Landon would admit that his attack upon Social Security had been a mistake, and henceforth he publicly opposed any attempt to dismantle this New Deal program. John D. Hamilton would say after the election, "The Lord himself couldn't have beaten Roosevelt in 1936, much less the Liberty League." Maybe; but the election was the death knell of the Liberty League. They lingered into 1940, when the DuPont family finally pulled their funding, and the group quietly died. Long before that John Hamilton had his own reactionary reckoning. 
In 1937 Hamilton's wife sued him for divorce, on the grounds of “gross neglect of duty, abandonment and extreme cruelty.” That same year Alf Landon had Hamilton removed as Party Chairman, as Landon tried to rebuild the party in his own Midwestern less reactionary less-ideological image.
Under Landon's non-red baiting non-FDR hating conservative guidance,  the party stopped trying to overturn all of the New Deal all at once and began to climb its way back. The Republicans would gain strength until 1948 when it looked like they were certain to regain the White House. 
But late in that campaign they gloated too publicly about finally eliminating Social Security,  and that handed Harry Truman his come-from-behind re-election. It was not until Ronald Reagan in his 1981 inauguration speech that the G.O.P again openly called for overturning substantial parts of New Deal programs. But even Reagan knew better that to attack Social Security, openly. 
The election left Bertrand Snell, the leader of smallest minority in the House of Representatives since the Civil War.  He was one of the few Republicans re-elected in 1936. But he did not run again in 1938.  Instead, he went into the newspaper business. He published the "Potsdam, New York Courier-Freeman" and ran it until 1949. He also became the owner of the New York State Oil Company. He was ably qualified for both of those jobs. He died in 1958, while a Republican occupied the White House. That Republican was Dwight D. Eisenhower, He was a national hero, born and raised in Kansas, and a product of the Landon influence. But the conservative wing of the GOP charged that "Ike" was a Republican In Name Only, and his administration was nothing better than a "little New Deal" administration. 
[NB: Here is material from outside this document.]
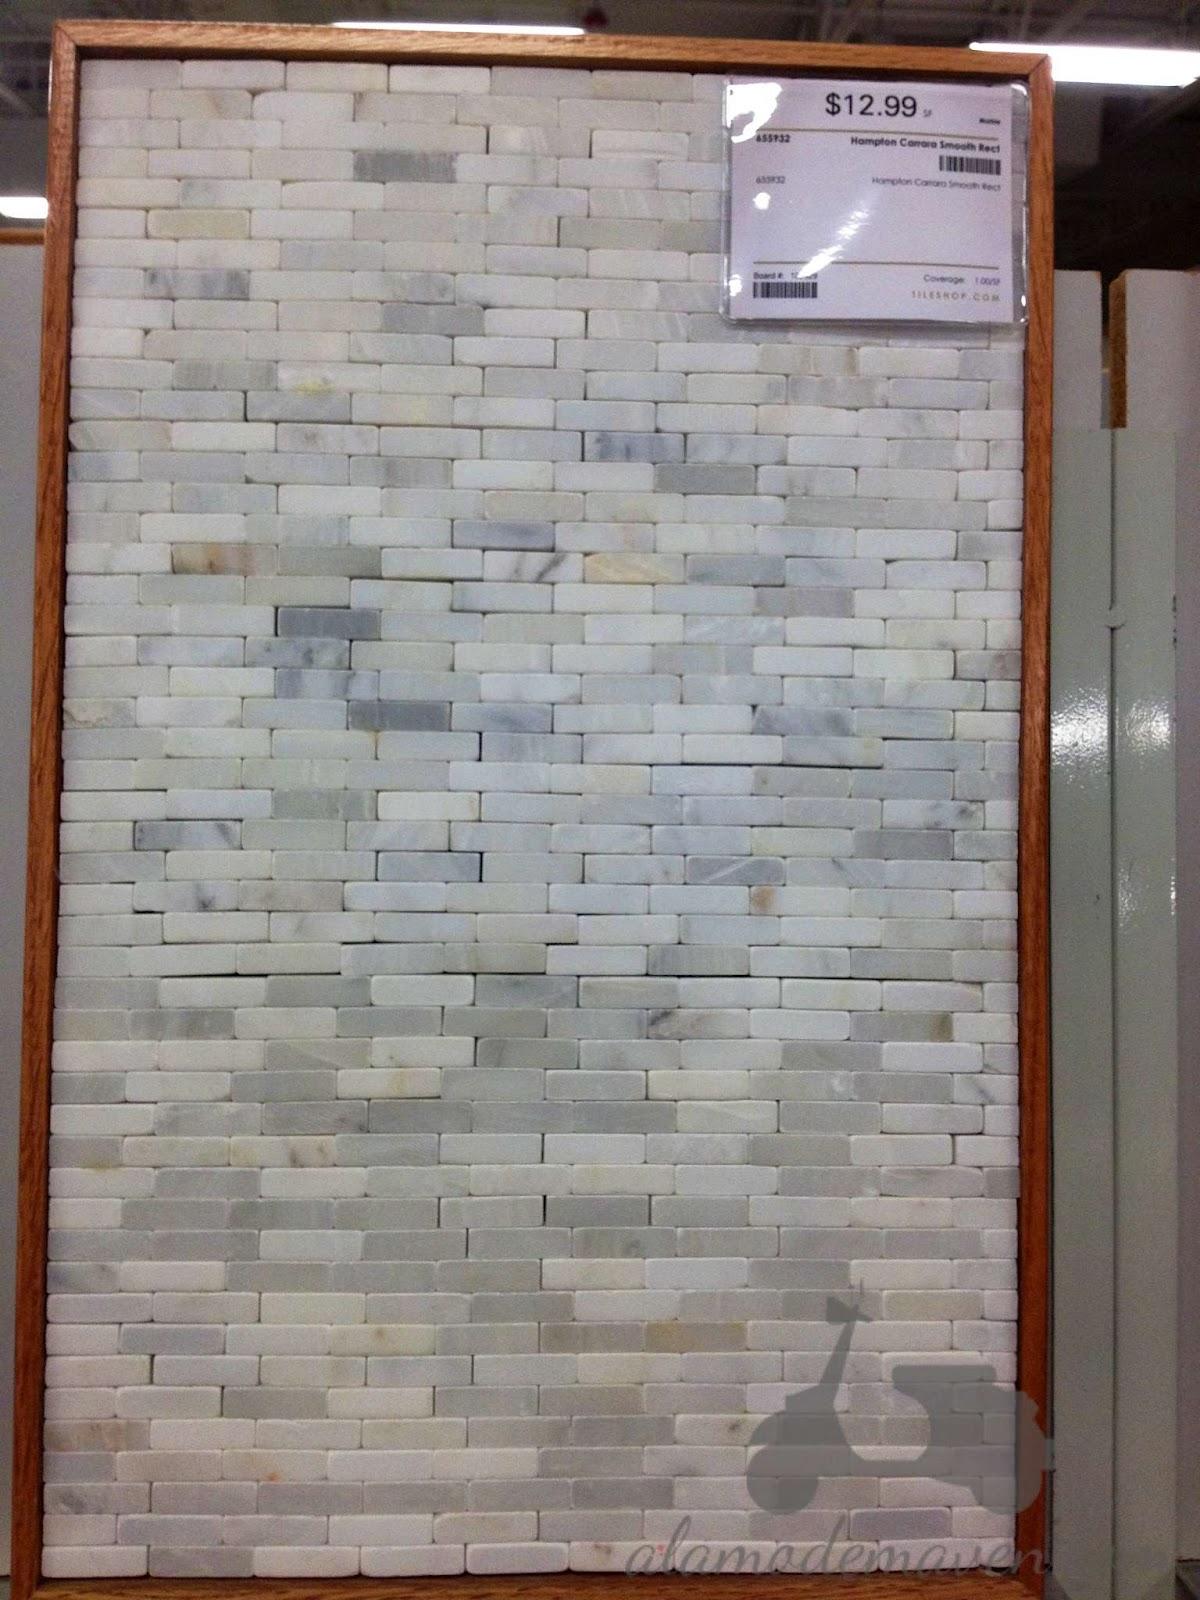 Carrera Marble Backsplash Mosaic - Bestsciaticatreatments.com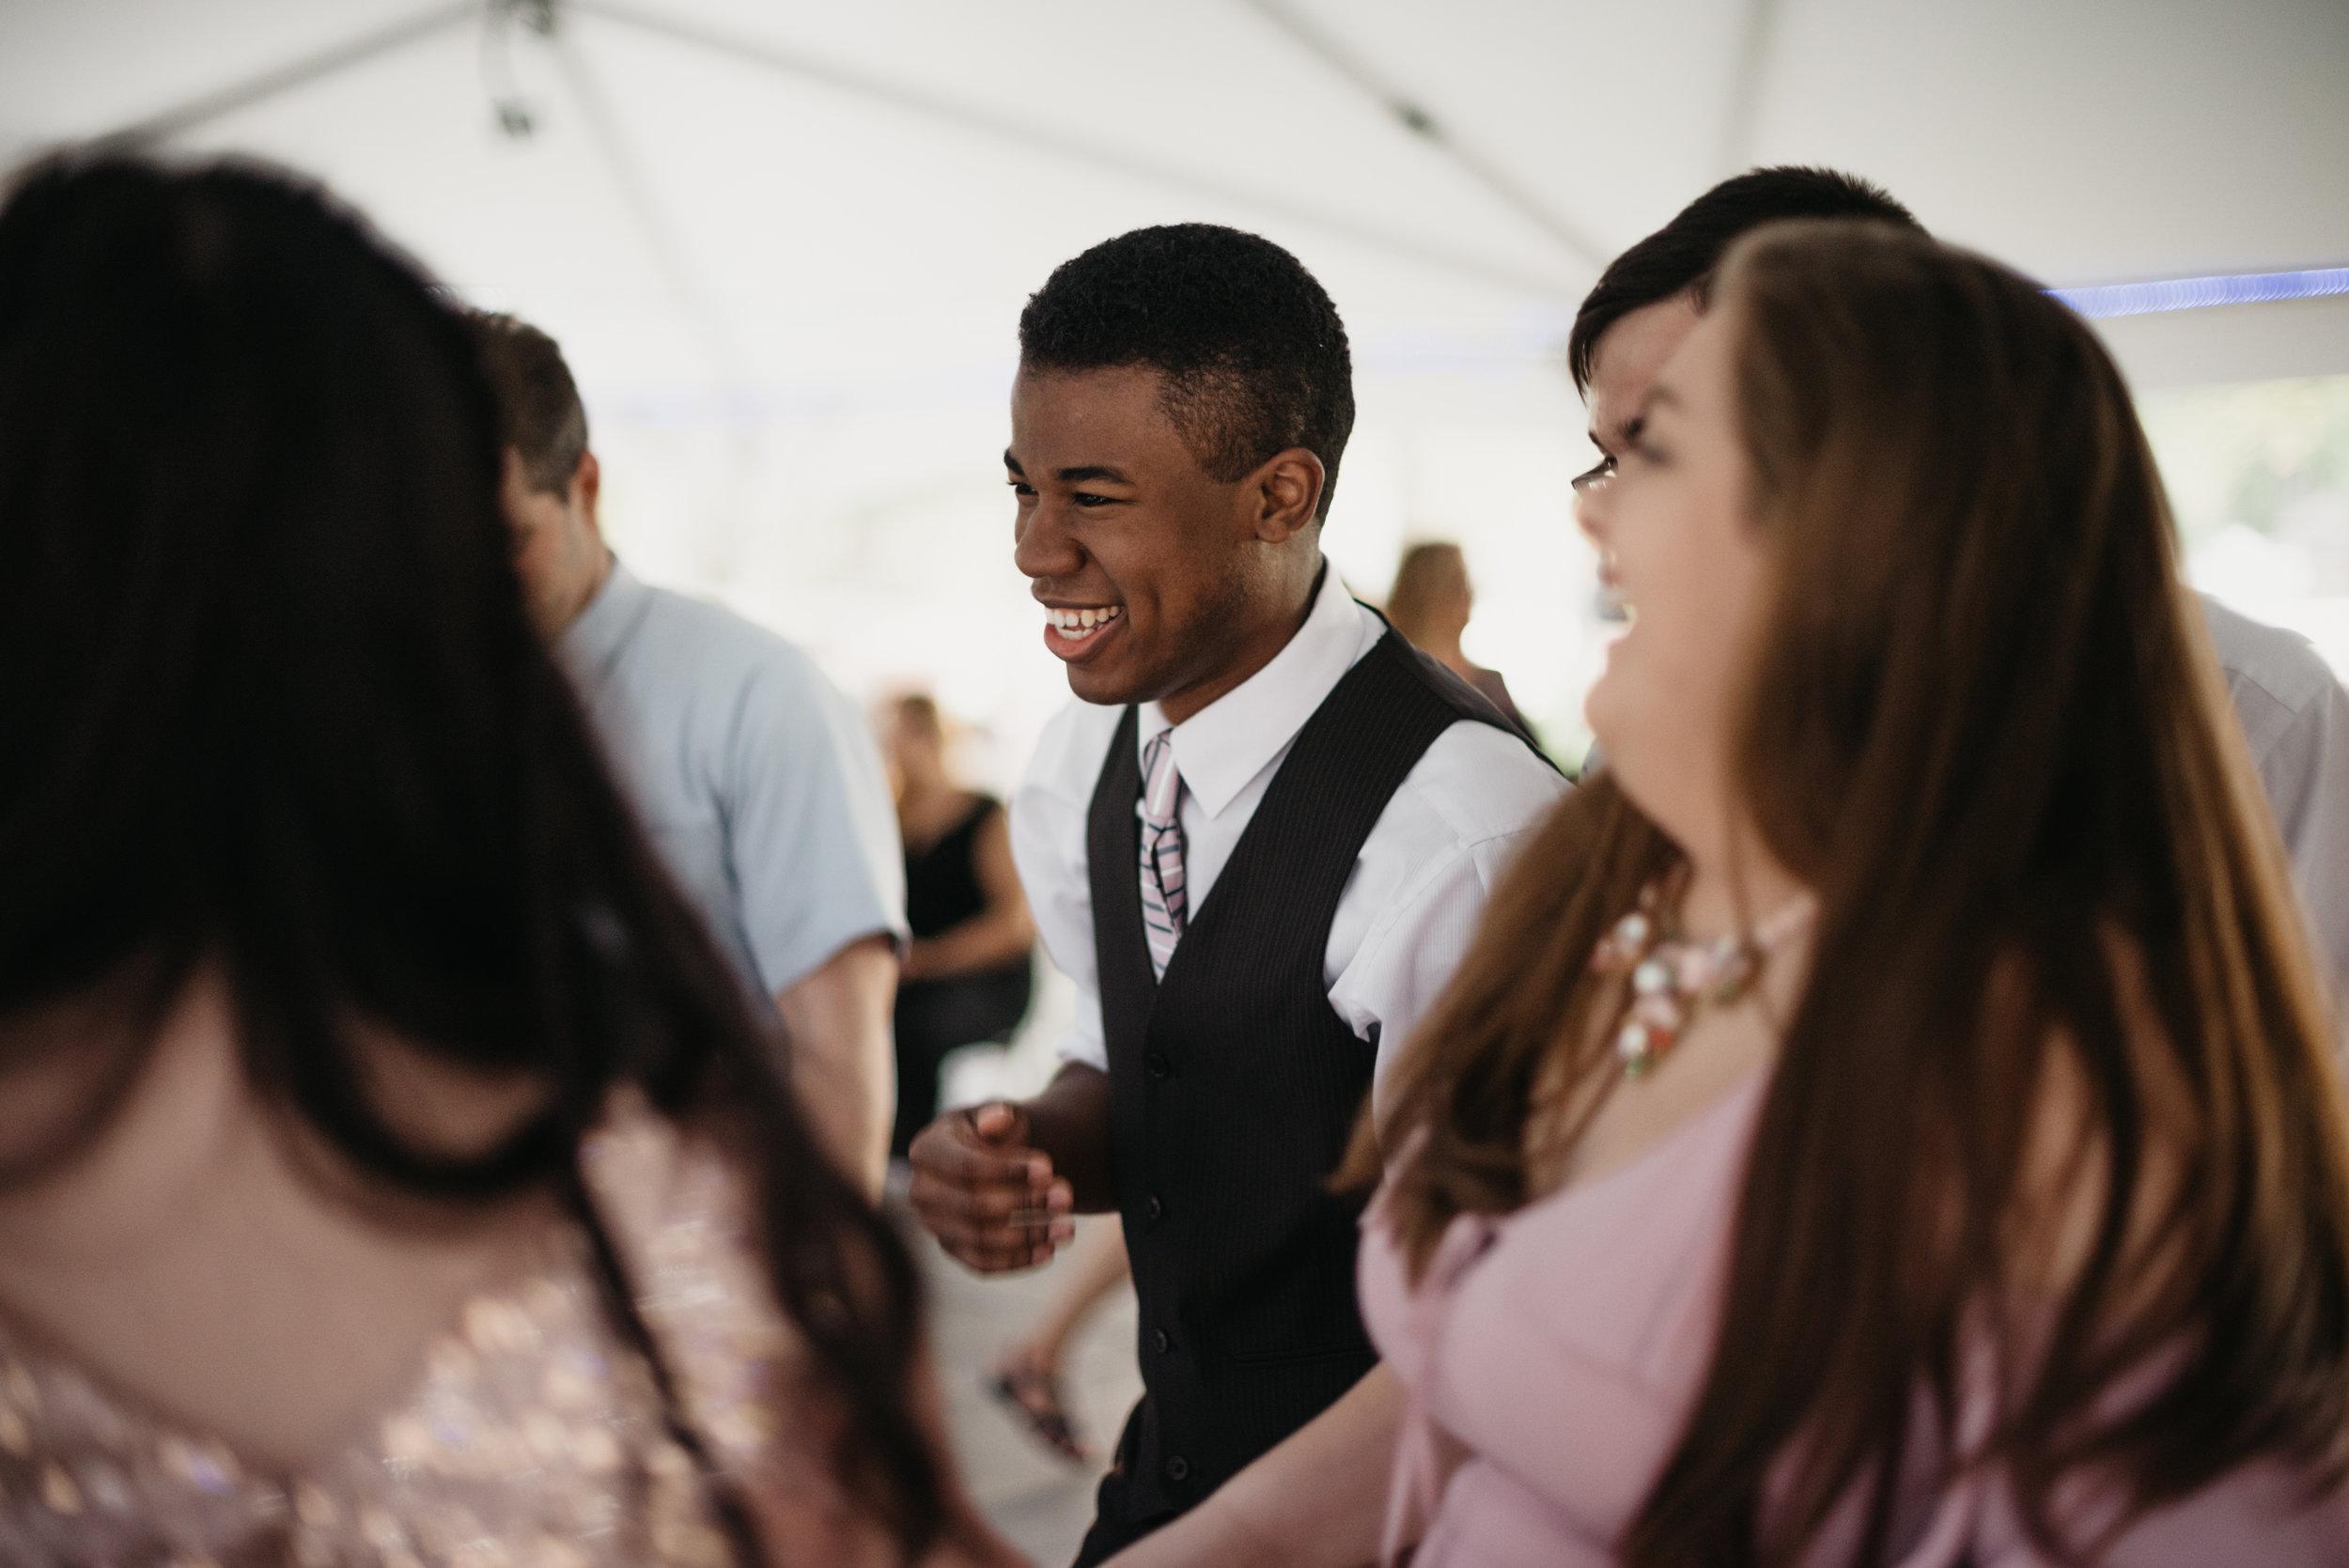 Barch-Massachusetts-Lakeside Tent Wedding-Western Massachusetts Wedding Photographer-03439.jpg

It seemed that with time, the Grand Old Party is determined to forget the lesson Bertrand Snell had sacrificed to teach them, and which Alf Landon had given so much to drive home to the party faithful. Running against Social Security is political suicide. And now so are abortion rights and the Affordable Care Act. Republican ideology is so convinced it is evil, they have become blind to the advantages it gives middle class Americans.  And that isolates them as they have not been since 1936.